- Problem to work on: Filter these records by the string "trong", copying each line that holds it.

- Extracted material:
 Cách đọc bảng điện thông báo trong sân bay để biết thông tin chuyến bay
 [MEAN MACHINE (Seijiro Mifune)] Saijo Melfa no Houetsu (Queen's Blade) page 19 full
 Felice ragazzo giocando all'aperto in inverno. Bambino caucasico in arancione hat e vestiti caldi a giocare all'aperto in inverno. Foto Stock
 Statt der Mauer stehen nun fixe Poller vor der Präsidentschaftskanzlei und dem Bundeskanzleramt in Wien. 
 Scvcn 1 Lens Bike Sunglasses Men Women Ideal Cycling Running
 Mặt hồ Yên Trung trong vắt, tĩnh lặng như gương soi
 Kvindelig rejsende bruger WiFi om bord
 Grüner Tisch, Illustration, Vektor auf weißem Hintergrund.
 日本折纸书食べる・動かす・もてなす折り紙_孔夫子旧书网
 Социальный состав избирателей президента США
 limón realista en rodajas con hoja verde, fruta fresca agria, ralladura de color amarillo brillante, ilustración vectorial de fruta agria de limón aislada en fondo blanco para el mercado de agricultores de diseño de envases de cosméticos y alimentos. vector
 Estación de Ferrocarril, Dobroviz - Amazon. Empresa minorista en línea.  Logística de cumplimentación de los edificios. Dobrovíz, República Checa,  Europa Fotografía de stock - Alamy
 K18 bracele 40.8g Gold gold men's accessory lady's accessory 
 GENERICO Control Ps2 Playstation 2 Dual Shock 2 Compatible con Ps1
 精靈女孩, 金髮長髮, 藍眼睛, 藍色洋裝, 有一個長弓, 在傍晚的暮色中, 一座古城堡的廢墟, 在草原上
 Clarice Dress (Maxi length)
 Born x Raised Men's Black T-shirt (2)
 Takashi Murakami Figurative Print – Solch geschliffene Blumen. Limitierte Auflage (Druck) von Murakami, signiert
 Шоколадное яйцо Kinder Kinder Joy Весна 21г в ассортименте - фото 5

- Completed exercise:
 Cách đọc bảng điện thông báo trong sân bay để biết thông tin chuyến bay
 Mặt hồ Yên Trung trong vắt, tĩnh lặng như gương soi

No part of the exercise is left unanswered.